Firstly, the service of the denial of the motion for reconsideration upon Atty. Nolasco of the UPLB
Legal Office was invalid and ineffectual because he was admittedly not the counsel of record of
the UP. Verily, the service of the denial of the motion for reconsideration could only be validly
made upon the OLS in Diliman, and no other. It is settled that where a party has appeared by
counsel, service must be made upon such counsel. This is clear enough from Section 2, second
paragraph, of Rule 13, Rules of Court, which explicitly states that: "If any party has appeared by
counsel, service upon him shall be made upon his counsel or one of them, unless service upon
the party himself is ordered by the court. Where one counsel appears for several parties, he shall
only be entitled to one copy of any paper served upon him by the opposite side."

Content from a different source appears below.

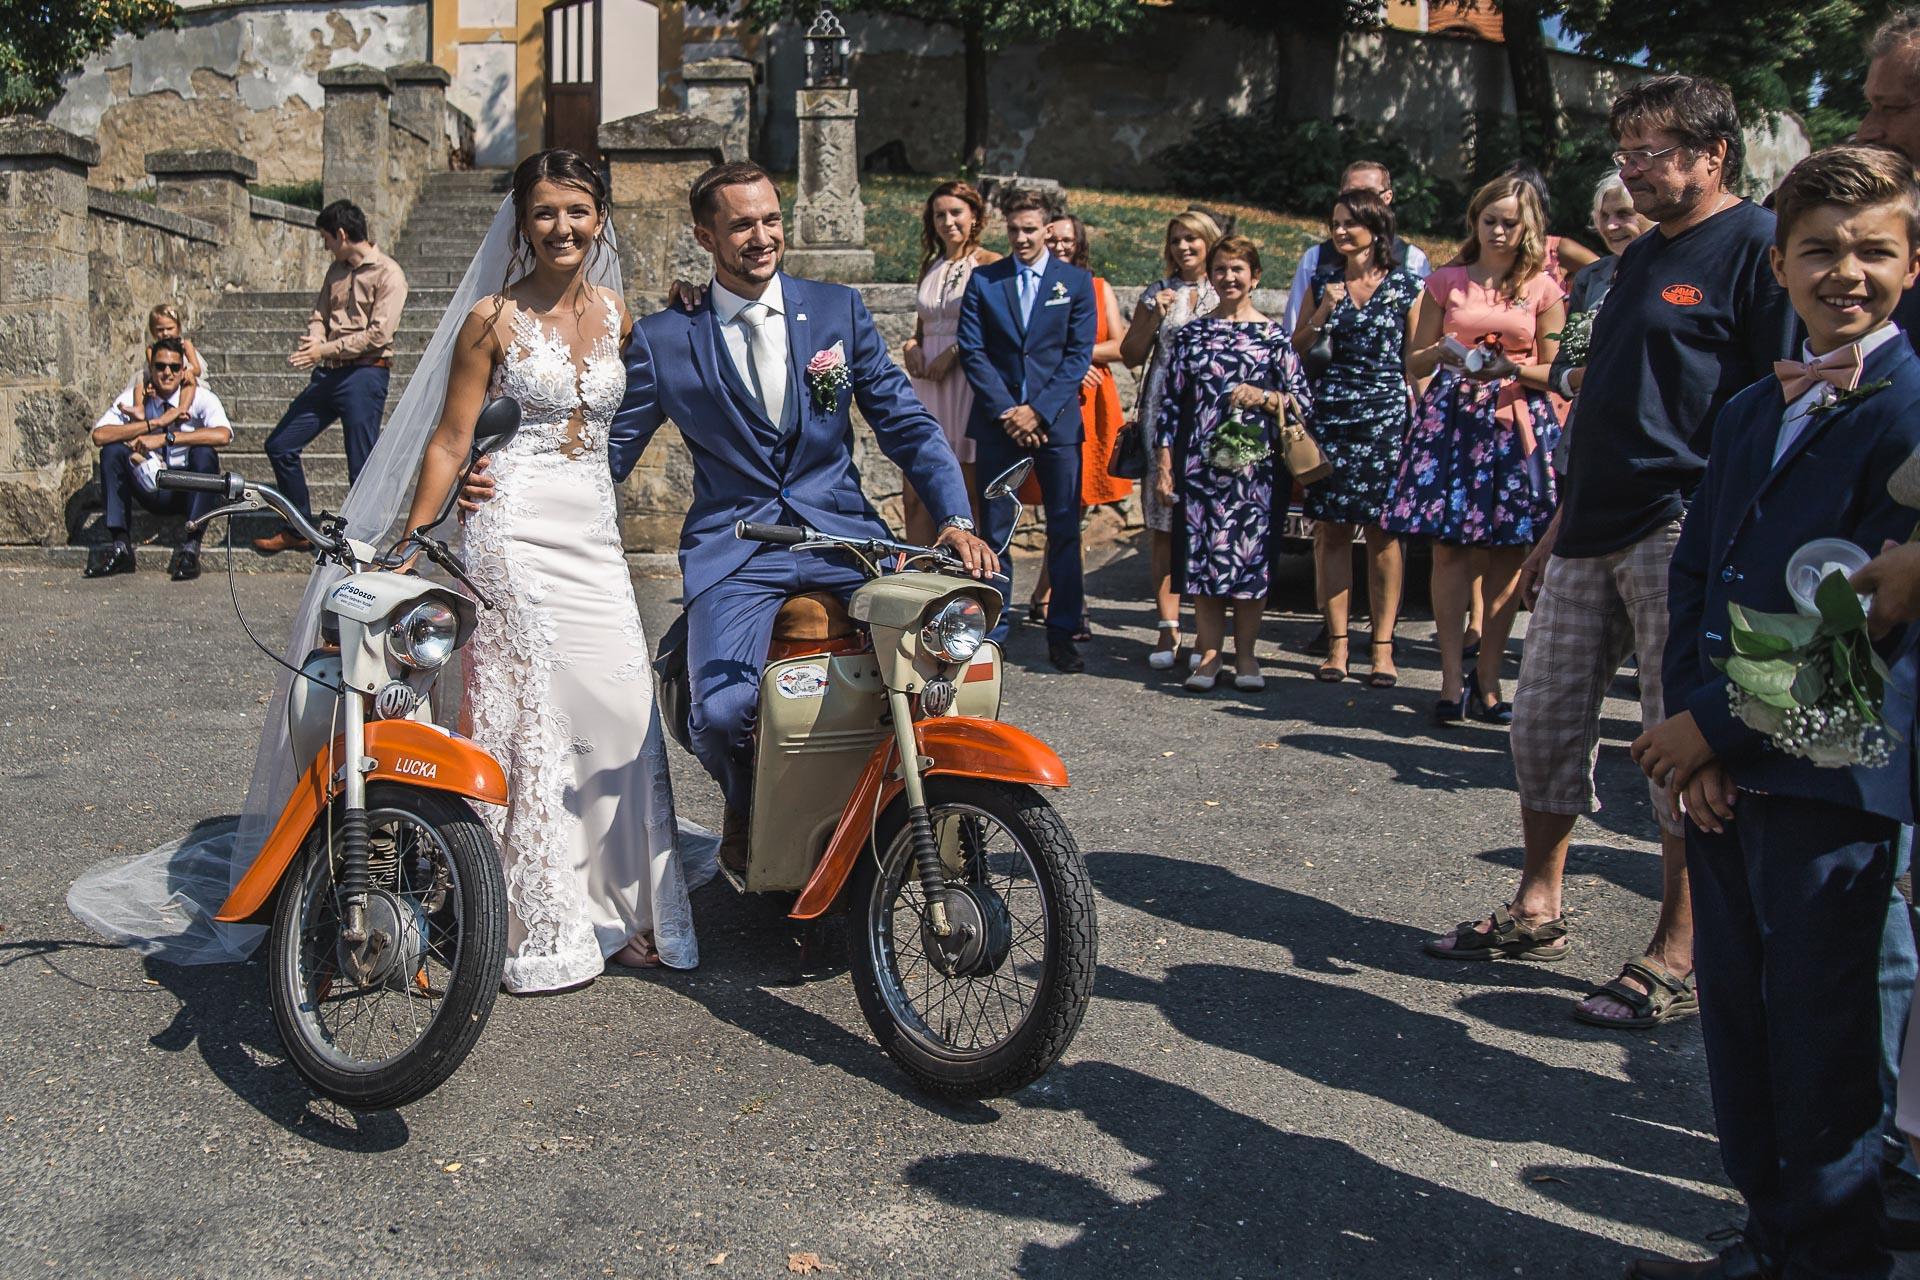 svatební-fotograf-wedding-svatebni-video-orlík-vltava-kostel-statek-stodola-boho-svatba-Beautyfoto-307

Secondly, even assuming that the service upon Atty. Nolasco was valid and effective, such that
the remaining period for the UP to take a timely appeal would end by May 23, 2002, it would still
not be correct to find that the judgment of the RTC became final and immutable thereafter due to
the notice of appeal being filed too late on June 3, 2002. In so declaring the judgment of the RTC
as final against the UP, the CA and the RTC applied the rule contained in the second paragraph
of Section 3, Rule 41 of the Rules of Court to the effect that the filing of a motion for
reconsideration interrupted the running of the period for filing the appeal; and that the period
resumed upon notice of the denial of the motion for reconsideration. For that reason, the CA and
the RTC might not be taken to task for strictly adhering to the rule then prevailing.

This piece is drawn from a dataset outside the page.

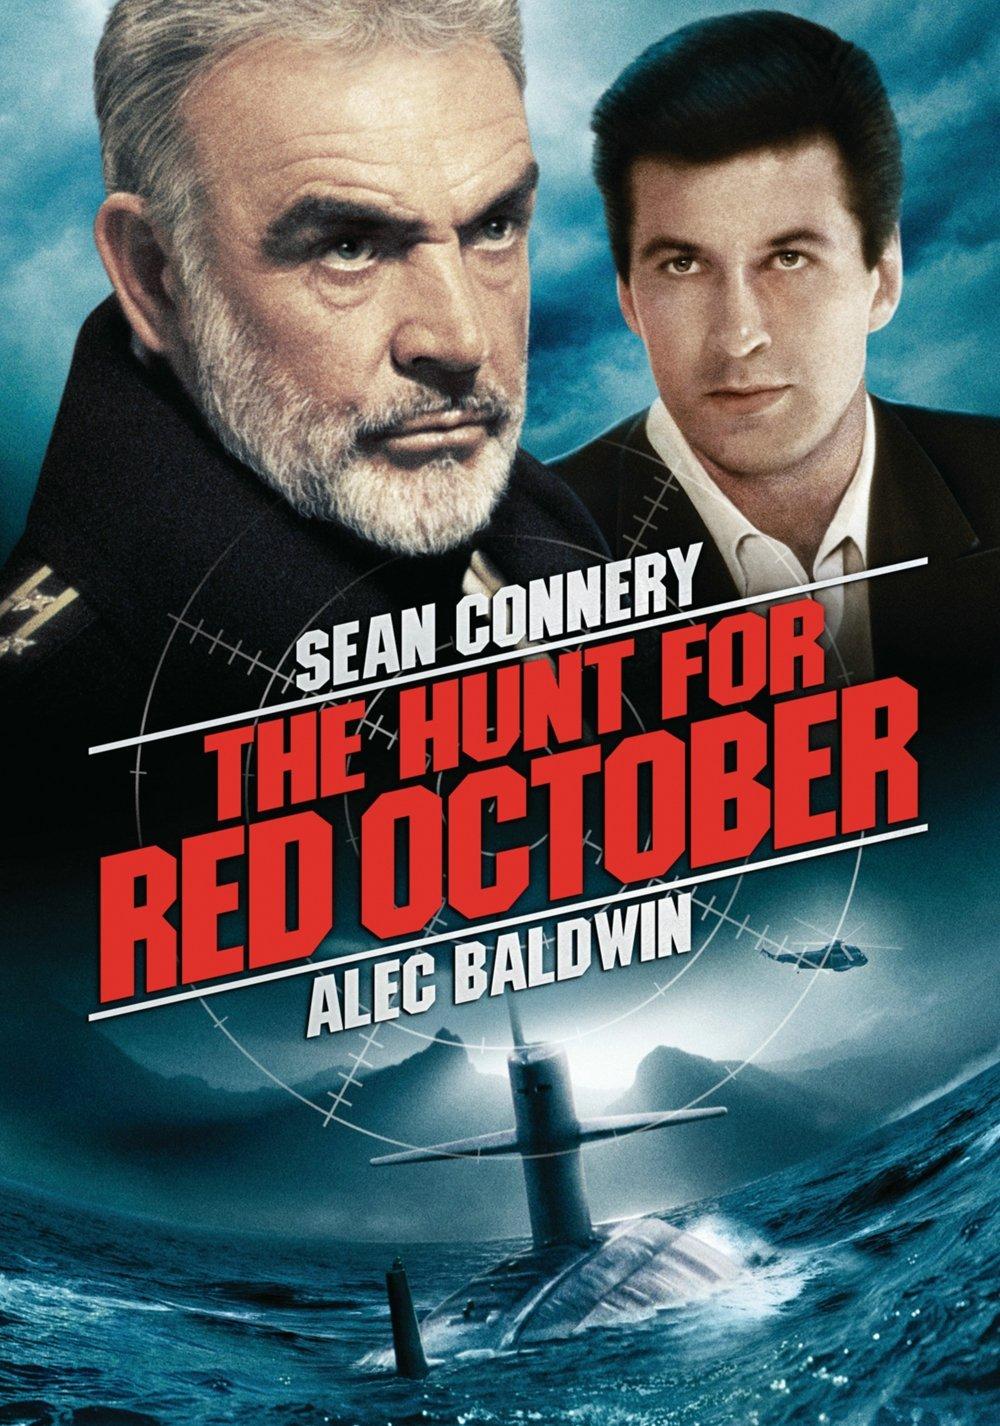 The Hunt for Red October ล่าตุลาแดง [HD][พากย์ไทย]

However, equity calls for the retroactive application in the UPs favor of the fresh-period rule that
the Court first announced in mid-September of 2005 through its ruling in Neypes v. Court of
Appeals, viz: "to standardize the appeal periods provided in the Rules and to afford litigants fair
opportunity to appeal their cases, the Court deems it practical to allow a fresh period of 15 days
within which to file the notice of appeal in the Regional Trial Court, counted from receipt of the
order dismissing a motion for a new trial or motion for reconsideration." The retroactive application
of the fresh-period rule, a procedural law that aims "to regiment or make the appeal period
uniform, to be counted from receipt of the order denying the motion for new trial, motion for
reconsideration (whether full or partial) or any final order or resolution," is impervious to any
serious challenge. This is because there are no vested rights in rules of procedure.

Consequently, even if the reckoning started from May 17, 2002, when Atty. Nolasco received the
denial, the UPs filing on June 3, 2002 of the notice of appeal was not tardy within the context of
the fresh-period rule. For the UP, the fresh period of 15-days counted from service of the denial
of the motion for reconsideration would end on June 1, 2002, which was a Saturday. Hence, the
UP had until the next working day, or June 3, 2002, a Monday, within which to appeal, conformably
with Section 1 of Rule 22, Rules of Court, which holds that: "If the last day of the period, as thus
computed, falls on a Saturday, a Sunday, or a legal holiday in the place where the court sits, the
time shall not run until the next working day.